Here's Shreya's next patch.
In pr58727 we have a case where the tree/gimple optimizers have decided to
"simplify" constants involved in logical ops by turning off as many bits as
they can in the hope that the simplified constant will be easier/smaller to
encode. That "simplified" constant gets passed down into the RTL optimizers
where it can ultimately cause a missed optimization.
Concretely let's assume we have insns 6, 7, 8 as shown in the combine dump
below:
> Trying 6, 7 -> 9:
> 6: r139:SI=r141:SI&0xfffffffffffffffd
> REG_DEAD r141:SI
> 7: r140:SI=r139:SI&0xffffffffffbfffff
> REG_DEAD r139:SI
> 9: r137:SI=r140:SI|0x2
> REG_DEAD r140:SI
We can obviously see that insn 6 is redundant as the bit we turn off would be
turned on by insn 9. But combine ultimately tries to generate:
> (set (reg:SI 137 [ _3 ])
> (ior:SI (and:SI (reg:SI 141 [ a ])
> (const_int -
4194305 [0xffffffffffbffffd]))
> (const_int 2 [0x2])))
That does actually match a pattern on RISC-V, but it's a pattern that generates
two bit-clear insns (or a bit-clear followed by andi and a pattern we'll be
removing someday). But if instead we IOR 0x2 back into the simplified constant
we get:
> (set (reg:SI 137 [ _3 ])
> (ior:SI (and:SI (reg:SI 141 [ a ])
> (const_int -
4194305 [0xffffffffffbfffff]))
> (const_int 2 [0x2])))
That doesn't match, but when split by generic code in the combiner we get:
> Successfully matched this instruction:
> (set (reg:SI 140)
> (and:SI (reg:SI 141 [ a ])
> (const_int -
4194305 [0xffffffffffbfffff])))
> Successfully matched this instruction:
> (set (reg:SI 137 [ _3 ])
> (ior:SI (reg:SI 140)
> (const_int 2 [0x2])))
Which is bclr+bset/ori. ie, we dropped one of the logical AND operations.
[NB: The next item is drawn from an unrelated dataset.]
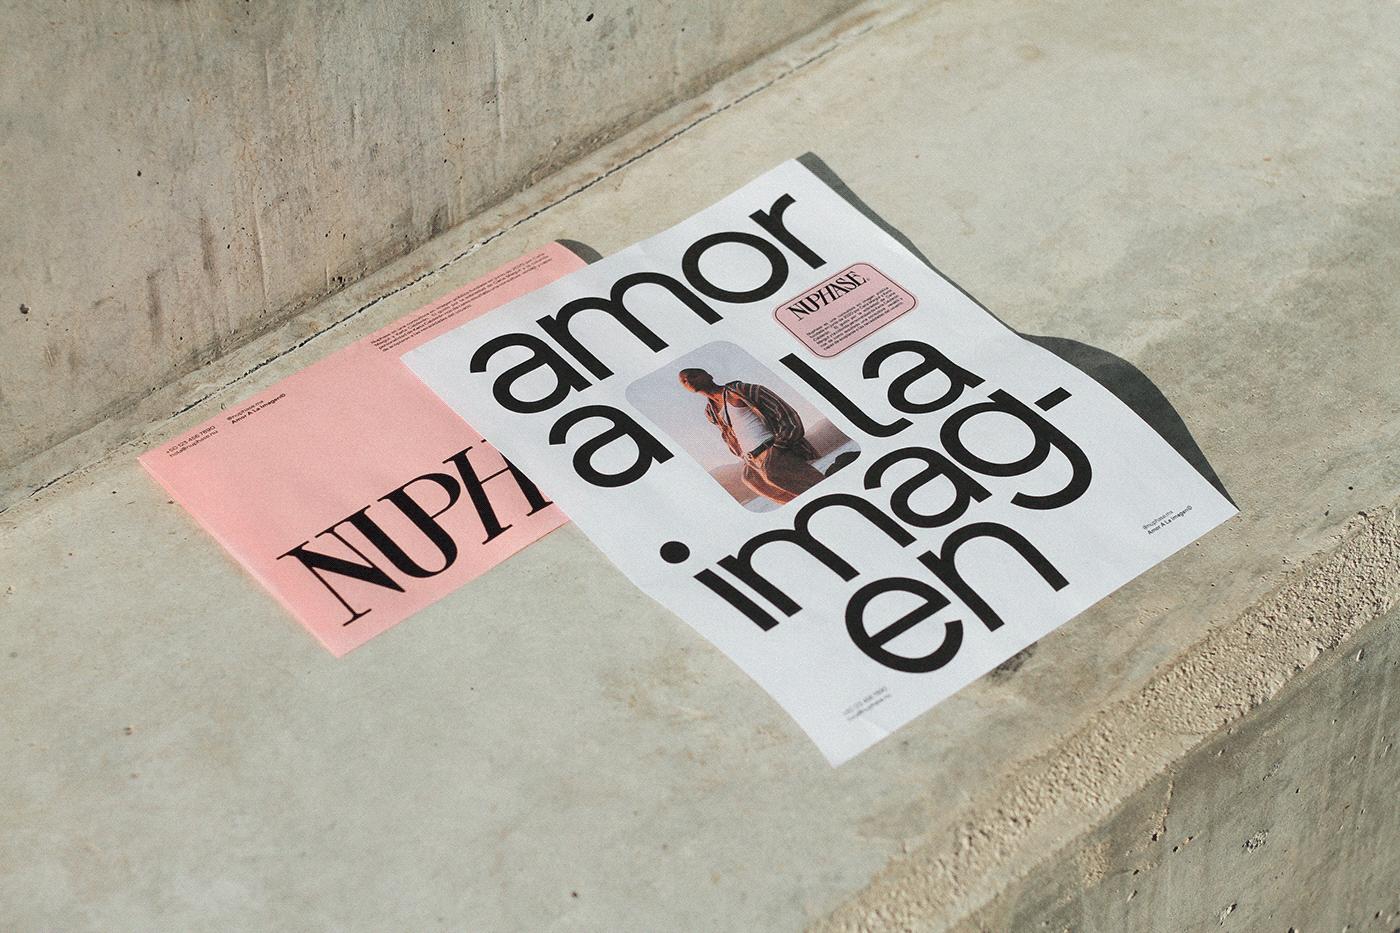 amor consultancy Consultora editorial Fashion  image consultant imagen mexico print Queretaro
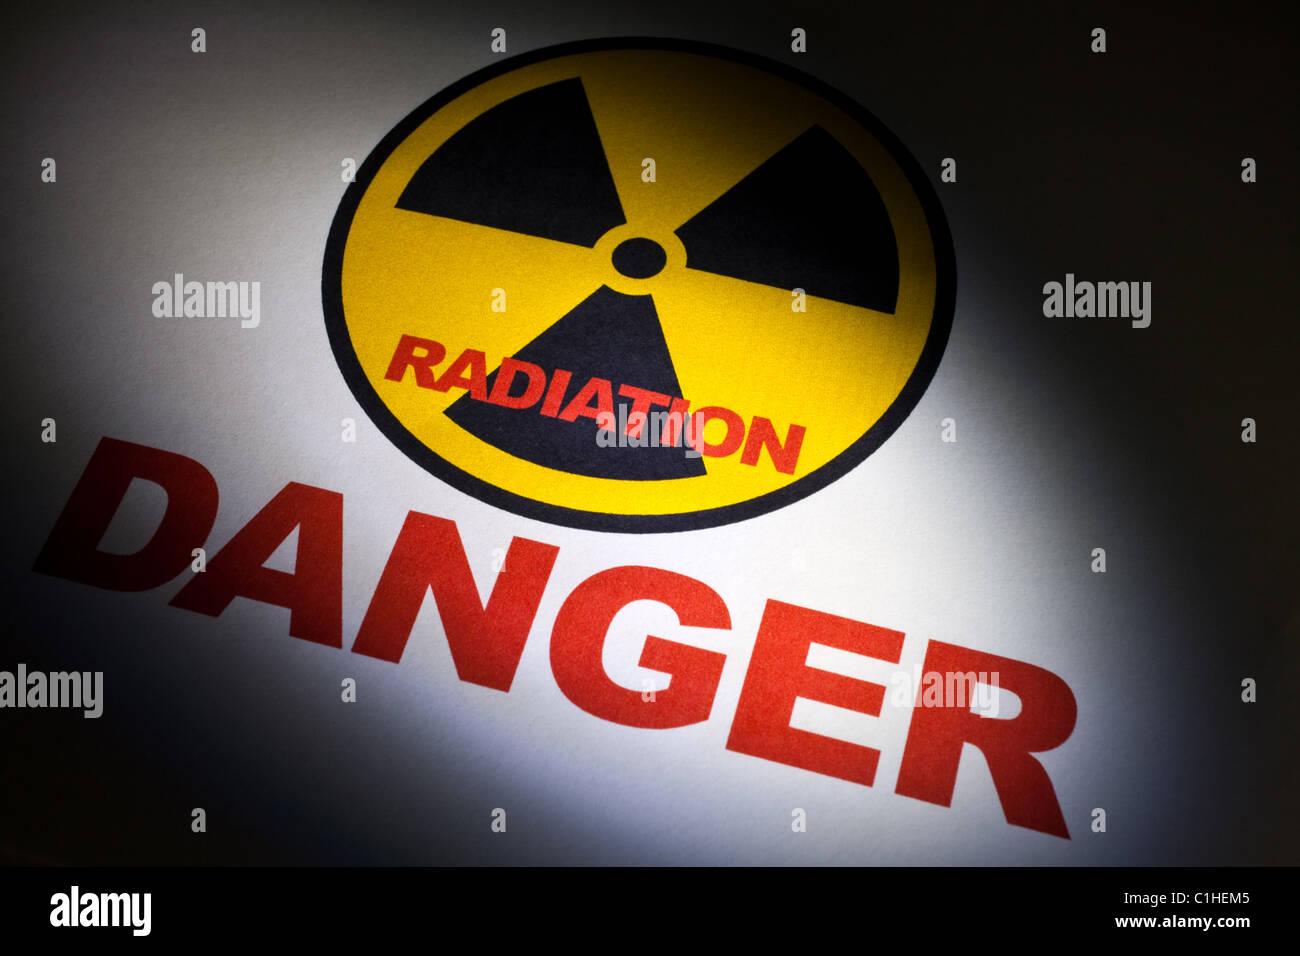 Radiation hazard sign for background - Stock Image

Bootstrapped and regression tested on x86 and riscv. Regression tested on the
30 or so embedded targets as well without new failures.
I'll give this a couple days for folks to chime in before pushing on Shreya's
behalf. This doesn't fix pr58727 for the other targets as they would need
target dependent hackery.
Jeff
PR tree-optimization/58727
gcc/
* simplify-rtx.cc (simplify_context::simplify_binary_operation_1):
In (A & C1) | C2, if (C1|C2) results in a constant with a single bit
clear, then adjust C1 appropriately.
gcc/testsuite/
* gcc.target/riscv/pr58727.c: New test.
/* If (C1|C2) == ~0 then (X&C1)|C2 becomes X|C2. */
if (((c1|c2) & mask) == mask)
return simplify_gen_binary (IOR, mode, XEXP (op0, 0), op1);
+
+ /* If (C1|C2) has a single bit clear, then adjust C1 so that
+ when split it'll match a single bit clear style insn.
+
+ This could have been done with a target dependent splitter, but
+ then every target with single bit manipulation insns would need
+ to implement such splitters. */
+ if (exact_log2 (~(c1 | c2)) >= 0)
+ {
+ rtx temp = gen_rtx_AND (mode, XEXP (op0, 0), GEN_INT (c1 | c2));
+ temp = gen_rtx_IOR (mode, temp, trueop1);
+ return temp;
+ }
}
/* Convert (A & B) | A to A. */
--- /dev/null
+/* { dg-do compile } */
+/* { dg-options "-march=rv64gcb -mabi=lp64d" { target { rv64} } } */
+/* { dg-options "-march=rv32gcb -mabi=ilp32" { target { rv32} } } */
+/* { dg-skip-if "" { *-*-* } { "-O0" "-Og" } } */
+
+enum masks { CLEAR = 0x400000, SET = 0x02 };
+unsigned clear_set(unsigned a) { return (a & ~CLEAR) | SET; }
+unsigned set_clear(unsigned a) { return (a | SET) & ~CLEAR; }
+unsigned clear(unsigned a) { return a & ~CLEAR; }
+unsigned set(unsigned a) { return a | SET; }
+__attribute__((flatten)) unsigned clear_set_inline(unsigned a) { return set(clear(a)); }
+__attribute__((flatten)) unsigned set_clear_inline(unsigned a) { return clear(set(a)); }
+
+/* { dg-final { scan-assembler-not "\\sand\\s" } } */
+/* { dg-final { scan-assembler-not "\\sandi\\s" } } */
+